I am trying to get the membership of a group in WSS 3.0. I am doing this in an elevated permissions block. Here is the code:
SPSecurity.RunWithElevatedPrivileges(delegate()
{
using (SPSite site = new SPSite(SPContext.Current.Site.ID))
{
using (SPWeb rootWeb = site.RootWeb)
{
SPGroup gAdmins = rootWeb.SiteGroups["Admins"];
}
}
});
I get taken to the "access denied" SharePoint screen when I run this code. The group exists. The identity of the application pool for the web application is in the dbo role in the content database. The code works on my development server, but not on another server, which leads me to believe there is something wrong with the permissions or configuration on this server, maybe something in dcomcnfg?
Here are some lines from the SharePoint log that seem to be related:
PermissionMask check failed. asking for 0x08000000, have 0x00000000 Unknown SPRequest error occurred.
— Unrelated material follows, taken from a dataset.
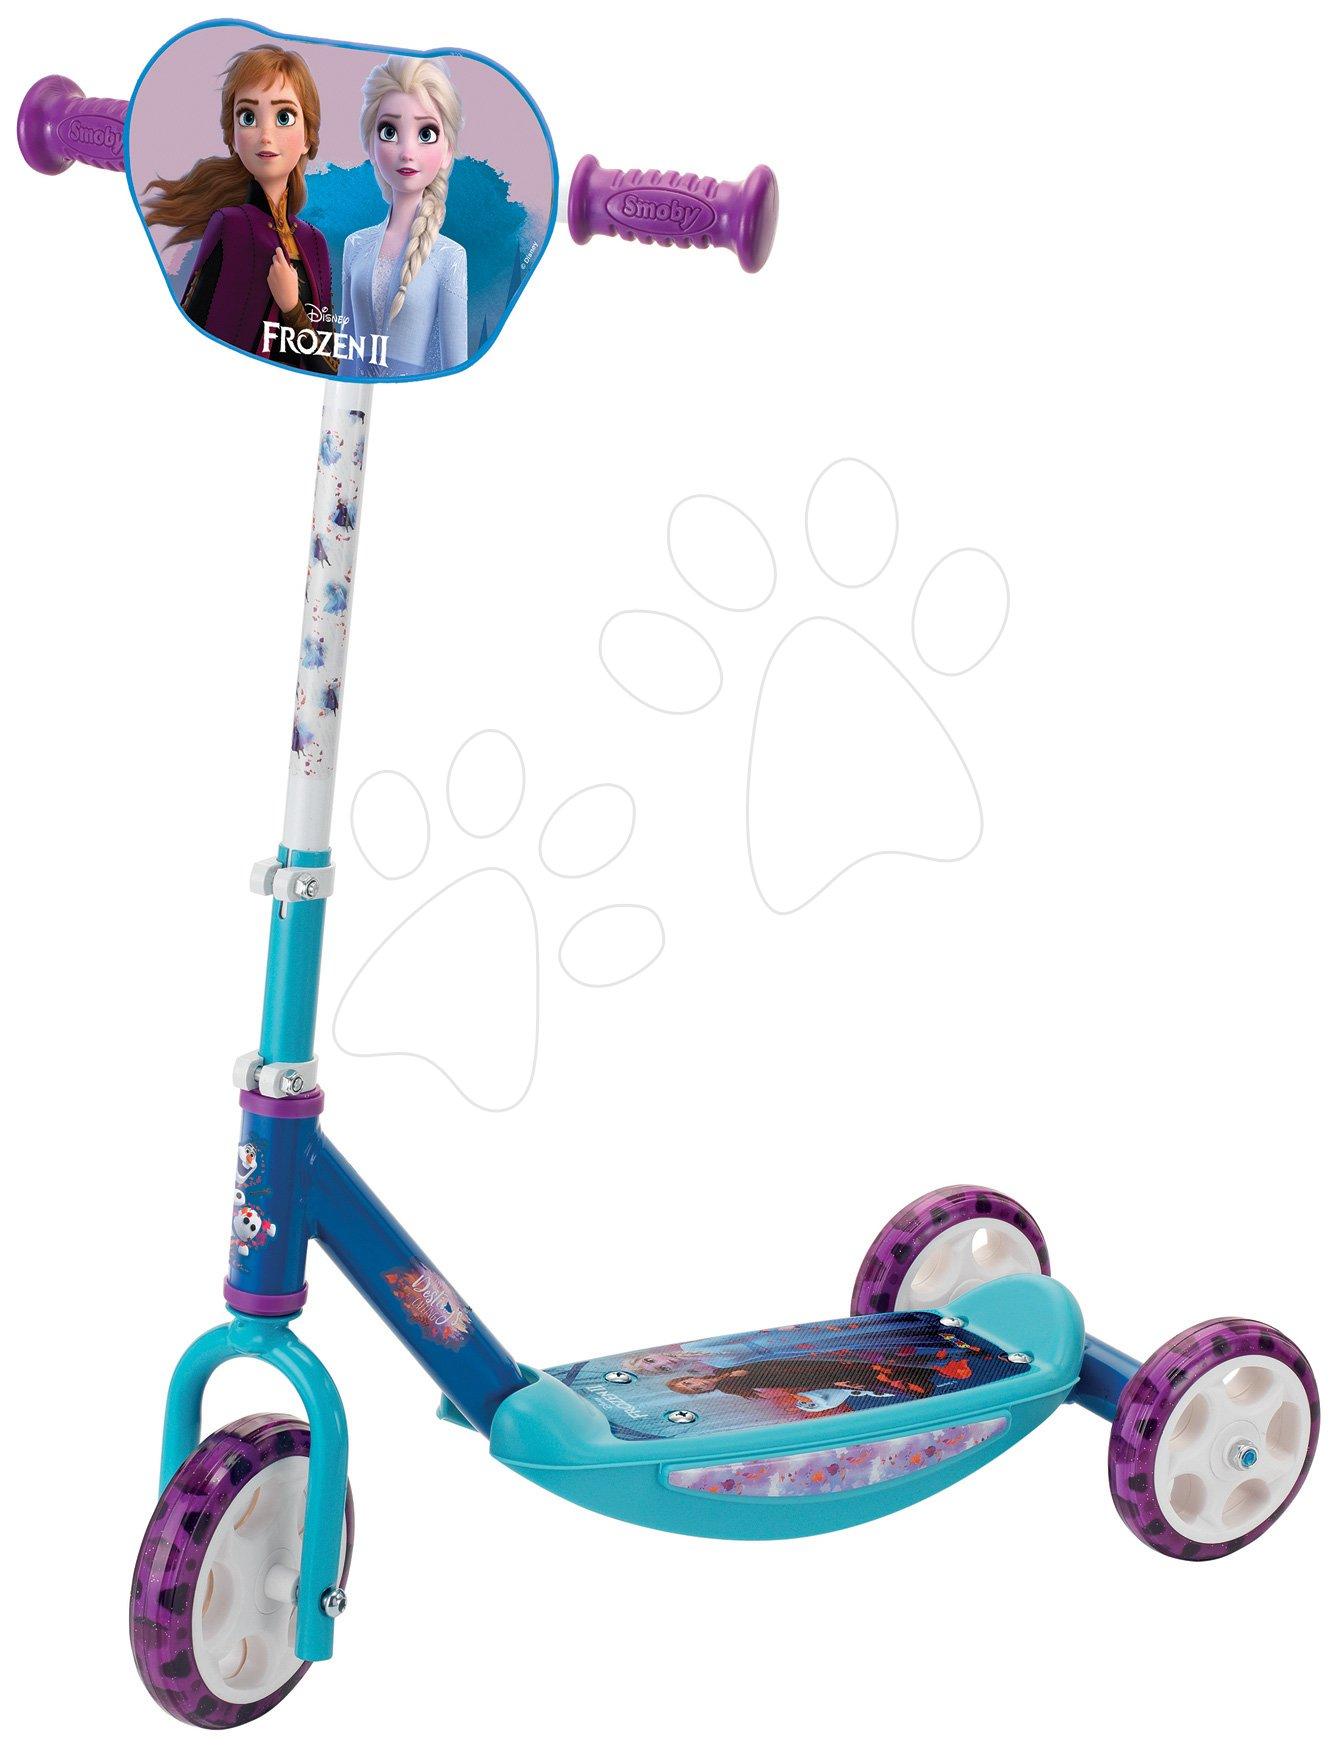 Háromkerekű roller Frozen 2 Disney Smoby állítható kormánnyal, csúszásmentes

More information: 0x80070005 Access Denied for /Pages/UserAdmin.aspx. StackTrace: Microsoft.SharePoint.Utilities.SPUtility:Void HandleAccessDenied(System.Exception), Microsoft.SharePoint.SPGlobal:Void HandleUnauthorizedAccessException(System.UnauthorizedAccessException), ....
[UserAdmin.aspx hosts my custom web part containing the code]
It looks like this was happening because I was running in elevated privileges. This is a non-extended FBA site, which means that domain accounts do not and cannot have any access to it. When you run in elevated privileges, you run as the app pool identity, which is typically a domain account. WSS then throws an error because you have suddenly switched from a FBA user to a domain user who has no access to the site.
If you extend the site to use Windows Authentication in addition to FBA, you can grant access to the site to the domain user and it should work.